Encore faut-il distinguer la manière tout à fait spécifique dont le pluriel affecte le code oral ou le code écrit et, à l'intérieur des deux, les différentes classes de la grammaire. Pour ces dernières, on sait que sont invariables en nombre les adverbes, conjonctions et prépositions (à l'exception toutefois de à et de, qui connaissent, en position de déterminants du nom, des variantes morphologiques) ; à l'inverse, peuvent prendre la marque du nombre les noms et ce qui s'y rapporte syntaxiquement (adjectifs et articles ; mais ce n'est pas vrai de toutes les langues) ; quant au verbe, on peut parler à son sujet de variation en nombre d'un point de vue morphologique seulement. En effet, si la pluralisation du nom correspond à une véritable quantification, il n'en va pas de même du procès : le verbe « s'accorde », mais n'est pas vraiment pluralisé, sinon par des procédures lexicales (ils fument/ils fument beaucoup).

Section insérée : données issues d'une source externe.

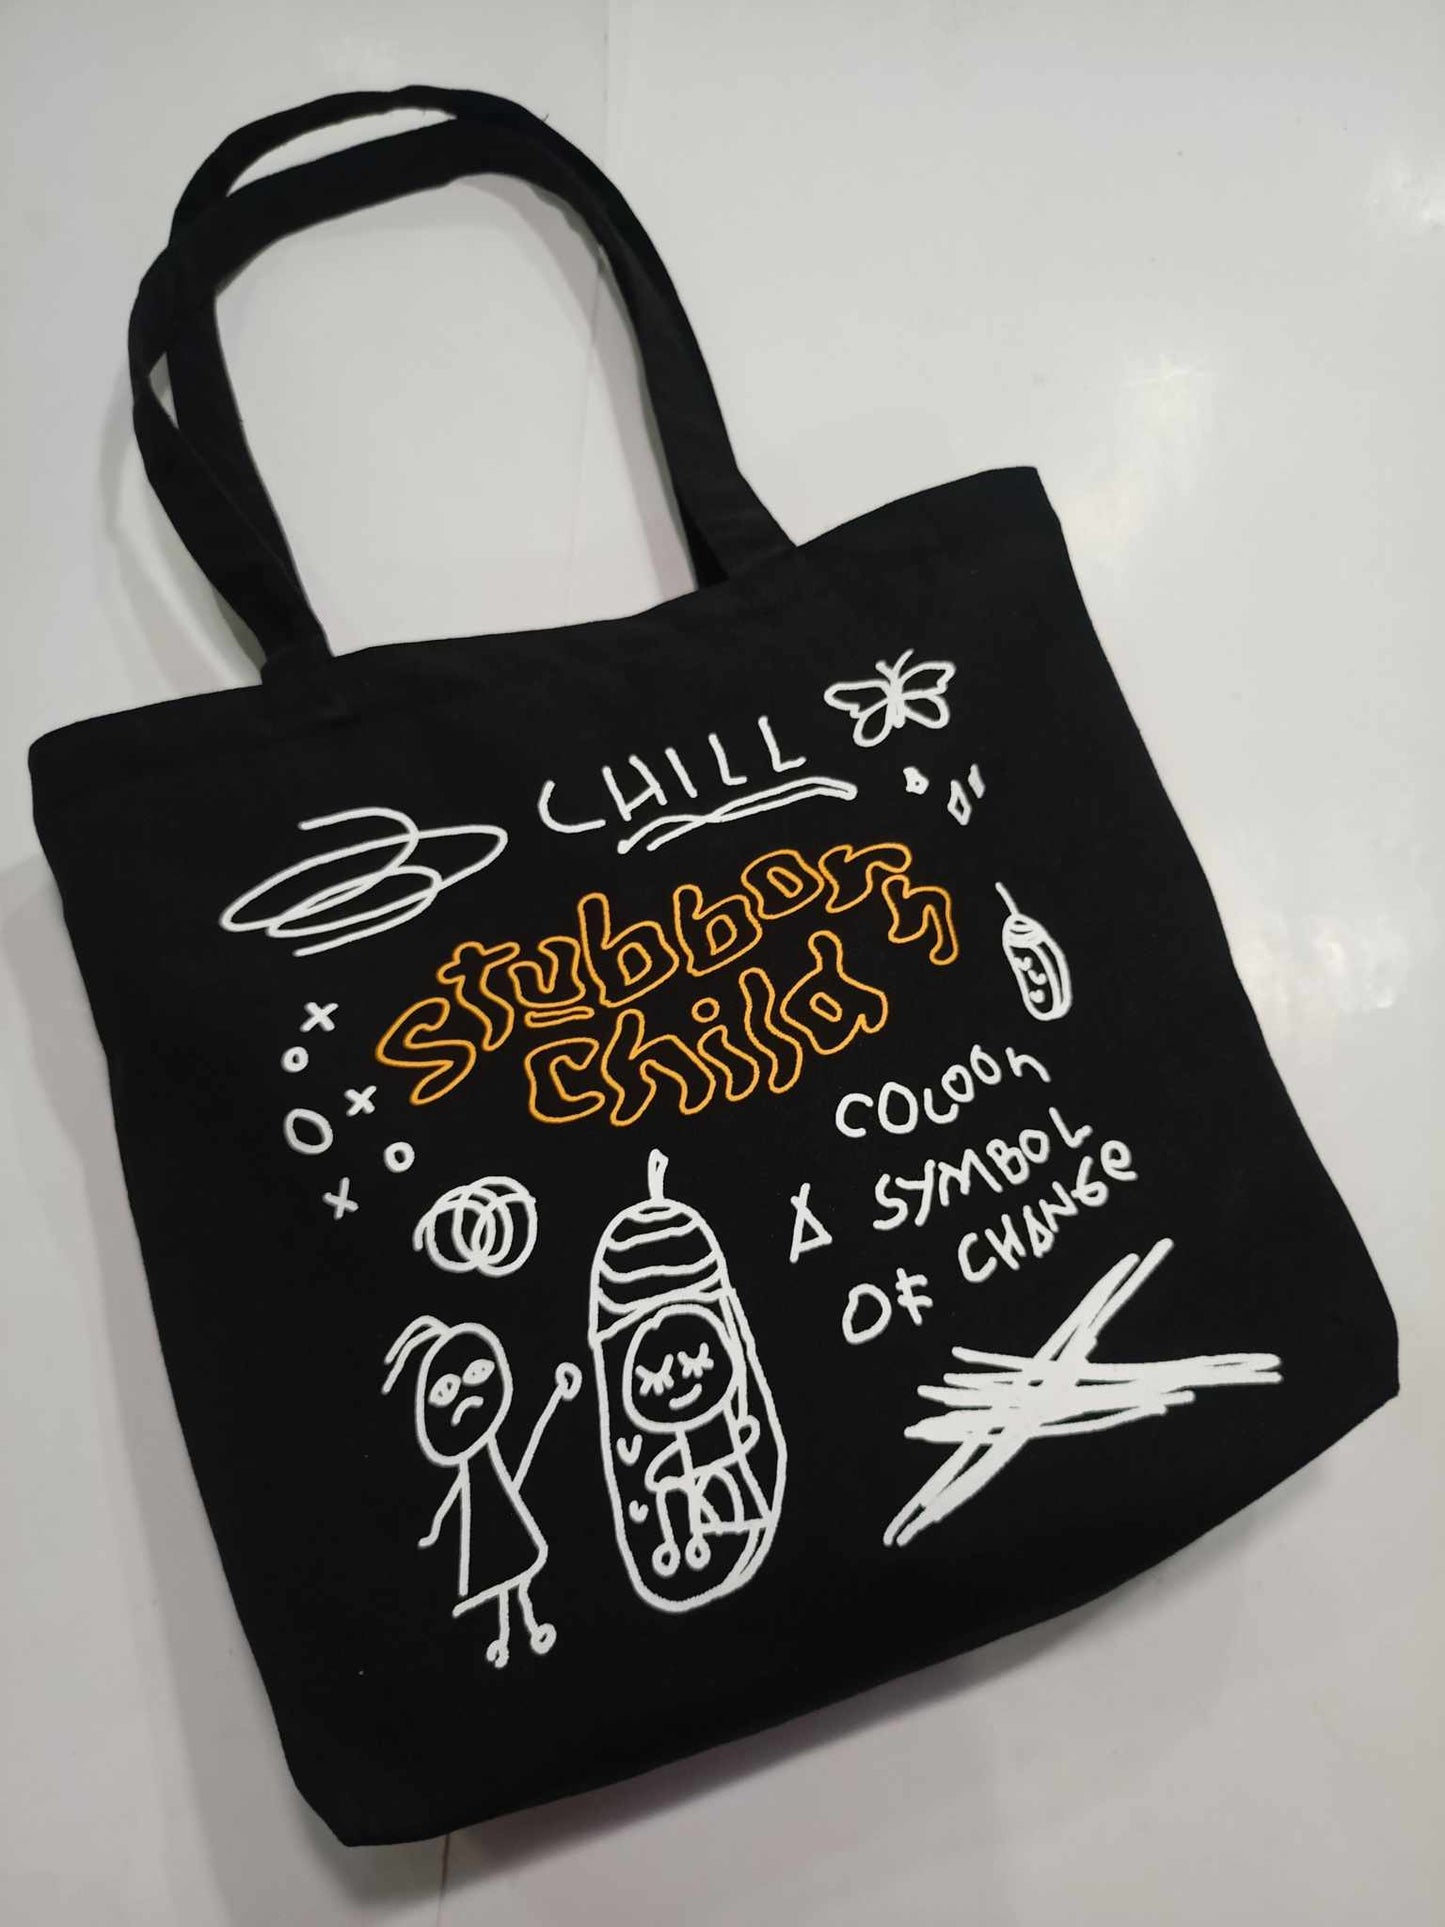 Stubborn Child Tote Bag | New and Improved!

Si l'on s'en tient, d'autre part, au code oral, il suffit que l'énoncé soit désambiguïsé sur un seul point de la séquence lors de sa production : rares sont les phrases totalement dénuées de spécificité quant au nombre ; ce peut être le cas seulement d'un énoncé minimal à quatre segments, tel que : lœr peti bebe plœr, qui se décode indifféremment au singulier ou au pluriel [leur(s) petit(s) bébé(s) pleure(nt)]. Mais c'est là un cas limite, car la case occupée par les déterminants est porteuse de variations quasi systématiques (lə/le [le/les], œ̃/de [un/des], etc.), tandis que certains noms et adjectifs de la langue (mais statistiquement peu) sont porteurs d'une opposition phonétique (ex. : ʒurnal/ʒurno [journal/journaux], ou ʒenjal/ʒenjo [génial/géniaux]) ; quant aux verbes, ils se répartissent inégalement entre ceux qui sont indifférents au nombre, cas de la plupart (ʃ̃αt [chante(nt)], vwa [voit/voient]), et ceux qui sont marqués (ex. : fini/finis [finit/finissent], ou pø/pœv [peut/peuvent], etc.).

En somme, pour le code oral, c'est, statistiquement au moins, le déterminant qui est l'élément pertinent quant au nombre. Dans le même ordre d'idées, on peut décrire la liaison qui se dégage dans certains contextes phonétiques (lœr-z-̃αf̃α ʒu [leurs enfants jouent]) comme un phénomène qui accentue encore ce rôle. Le code écrit, en contrepartie, est parfaitement redondant par rapport à l'information sur le nombre, puisque tous les segments sont simultanément variables : leur(s) petit(s) bébé(s) joue(nt). L'abondance des marques muettes (-s, -nt), parfois maintenues, au prix de certaines inconséquences ou absurdités, par une longue tradition typographique entre autres, est un système secondaire qui pallie, au nom de la cohésion grammaticale, la carence propre à l'écriture en facteurs de situation, mimiques et signaux, fort nécessaires au code parlé.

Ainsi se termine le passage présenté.